Working in an international company has its food perks! A colleague suggested that we start an asian “themed” lunch every friday. Taking turns to prepare dishes from our country. This is an awesome idea because that was how I started cooking korean and japanese food at home! Anyways this time I decided to put in more effort in making something more “Singaporean”. Fried Bee Hoon!
Since team Singapore cheated the first two times and yes till now I still feel kinda terrible for making chicken rice from the premixed mixture, ready made frikadellen (German style meatball), don’t ask me how that is singaporean, and only one authentic preserved turnip egg (cai bo). The second time I got my sister to bring a bottle of Kaya and served it with my failed attempt at making soft boil eggs. -_-
So this time I did my research and decided to educate my fellow colleagues what we kinda do eat for a fact in Singapore. None of that Singaporean Noodle rubbish you see everywhere else in the world but in Singapore. Oh it was surprising quick and easy to make! It was my first time making it so I thought it would take a long time. But the only time consuming part is chopping the carrots. Yes I am that specific. Just the carrots!
For 9 people as main dish or 12 people with side dishes. ( though in Singapore this is eaten as a substitute for rice, if that makes sense..)
1 tsp soy sauce
2-3 drops fish sauce
1-2 drops sesame oil
Oil to fry eggs
1 packet rice vermicelli 400g (soak till soft, about 5-10min in water or according to instructions given on the packet)
1/4 cup dried shrimps, soaked and minced
7 Shitake mushrooms, cut stripped
1 Carrot, shredded
200g Bean Sprouts
1/4 whole cabbage shredded
5 cloves of Garlic, minced
900ml chicken stock
1 1/2 tbsp dark soy sauce
Oil for frying
1-2 spring onion, chopped
1 red chili
Heat wok to medium heat and add oil to wok. Beat eggs with the sauces and pepper.
Divide egg mixture into 3 portions, add each portion to wok and cook eggs each mixture at a time. The eggs should look like crepes. Thin and slighly brown. Set aside and let it cool.
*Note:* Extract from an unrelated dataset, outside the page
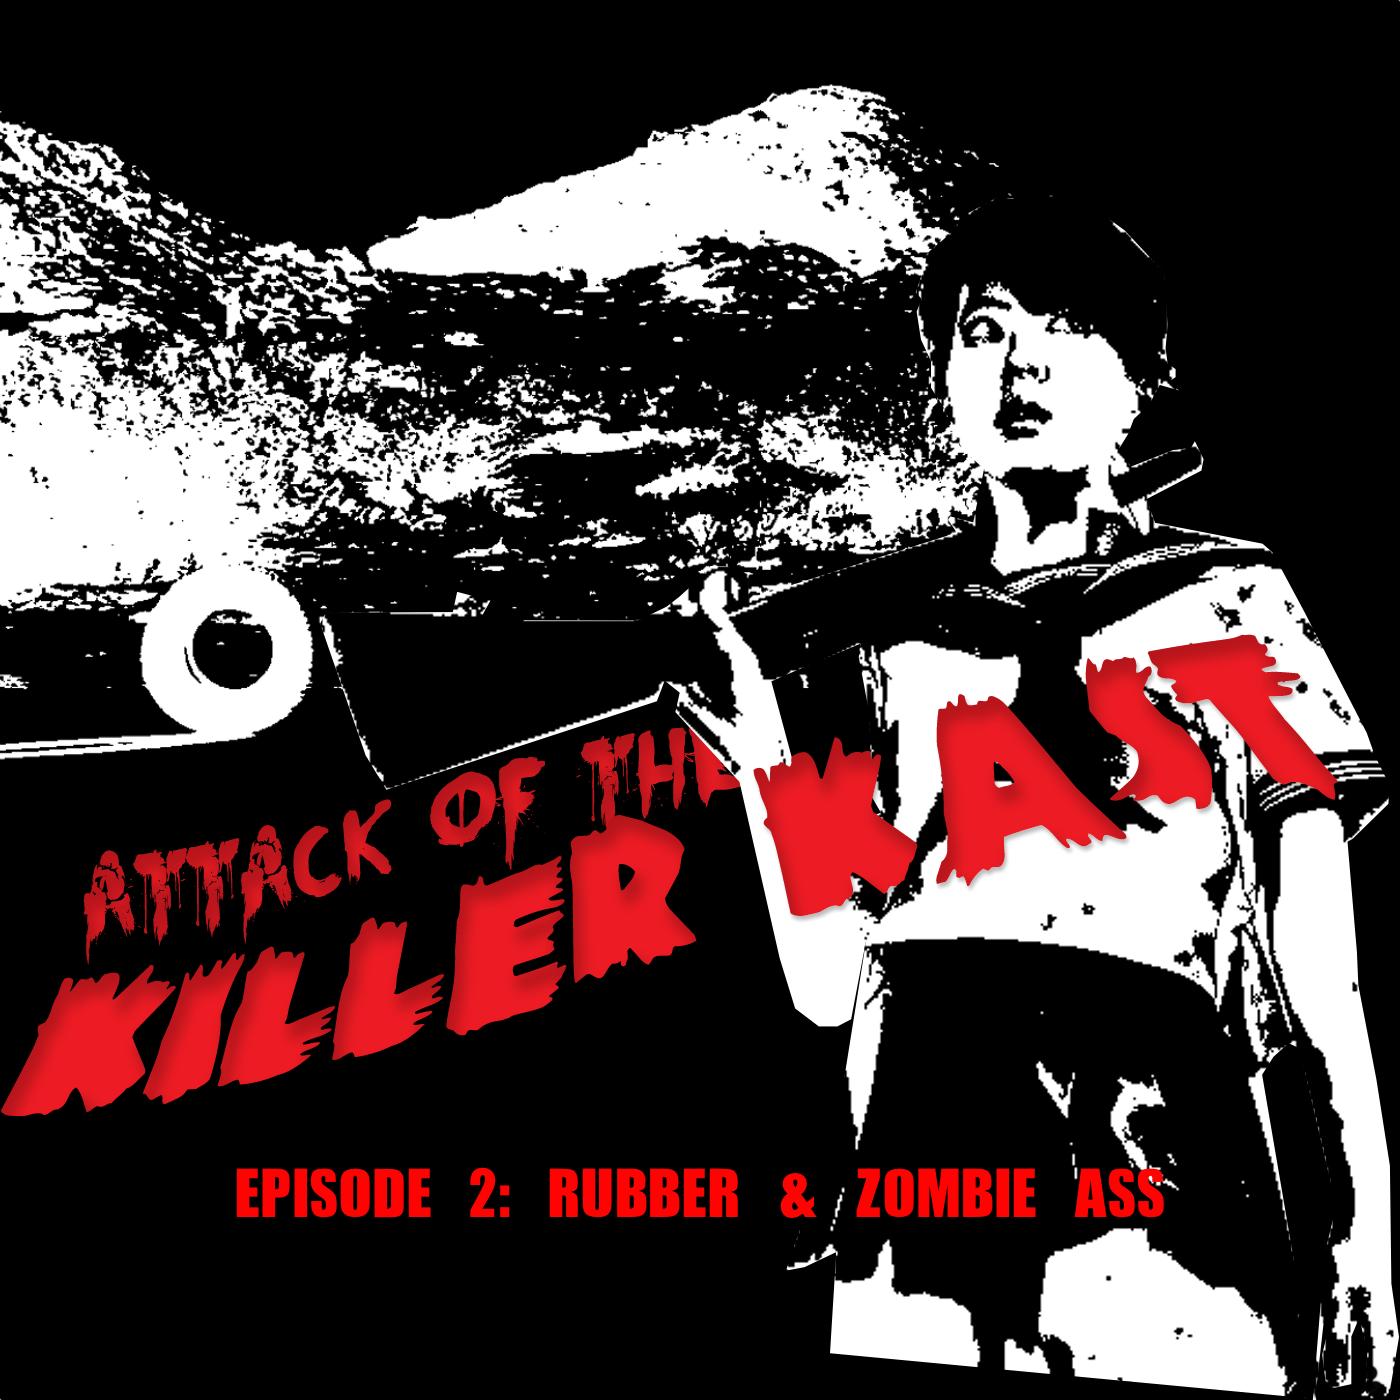 Episode 2: Rubber & Zombie Ass

Add about 5 tbsp oil to wok followed by garlic and minced shrimp. Fry for 1-2 min till fragrant.
Add carrot, cabbage, mushrooms and bean sprouts to wok and stir fry. Add half of the chicken stock let it steep for about 3 mins till carrot is soft.
Add softened rice vermicelli followed by the rest of the stock and dark soy sauce.
Stir and mix well. Cook and Cover and let it cook. stirring occasionally to mix. About 5-8 mins in total. Add more chicken stock if it is too dry.
Turn off the heat once it’s ready.
Chop the eggs into strips and garnish the noodles with it and spring onions.
Tip: The bee hoon becomes vegetarian if you leave out the dried shrimps and substitute it with vegetables stock!